23 August 2007

"...a boot stamping on a human face - for ever."



"I Don't Remember"

Originally, Elvis Costello was to name his third album Emotional Fascism; when he chickened out and titled it Armed Forces instead, Greil Marcus called bullshit, noting that E.C. was onto something by directly suggesting in songs like "Goon Squad", "Green Shirt", "Chemistry Class", and, get this, "Two Little Hitlers", that fascism, a la Henri Bernard-Levi, had become the dominant political mode of the West: "If fascism now pervades our everyday lives and our interactions with each other, our whole understanding of social intercourse supports and ultimately affirms fascism. This makes it a more interesting and less fixed statement."

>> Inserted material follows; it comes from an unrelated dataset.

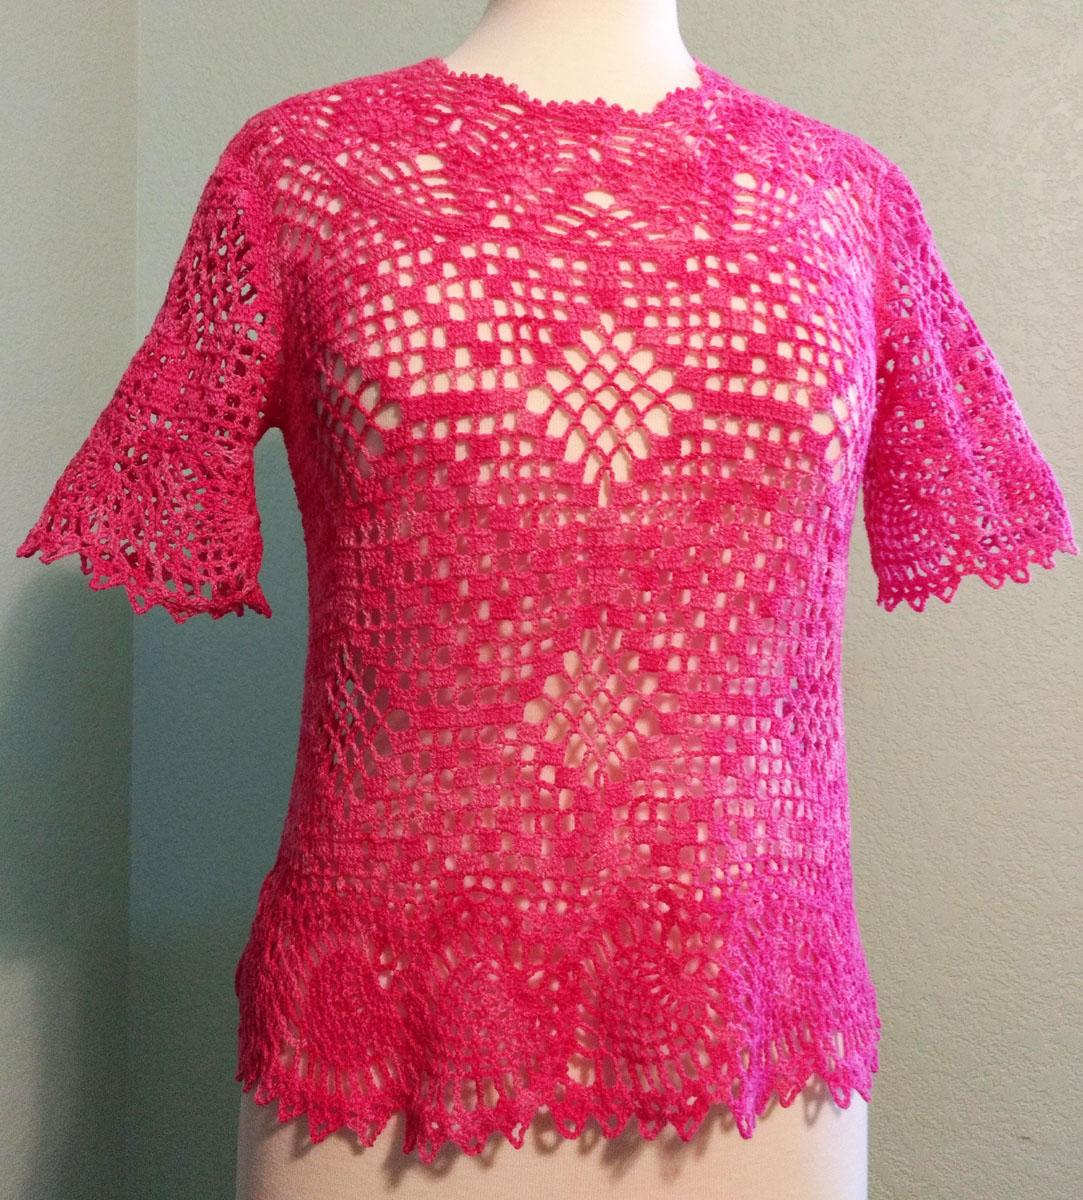 Crochet Diagram Crochetting Patterns Pinterest

Peter Gabriel's "I Don't Remember" opens with the tell-tale lines "I got no means to show identification/I got no papers show you what I am", but where Costello can call his fears by name ("They'll never get to make a lampshade out of meeeeeeee..."), Gabriel is a tangle of confusion, paranoia, and recrimination. He is on the stool and under the hot lights, asked questions we never hear and he doesn't want to or cannot answer: "I don't remember/ I don't recall/ I have no memory of anything at all."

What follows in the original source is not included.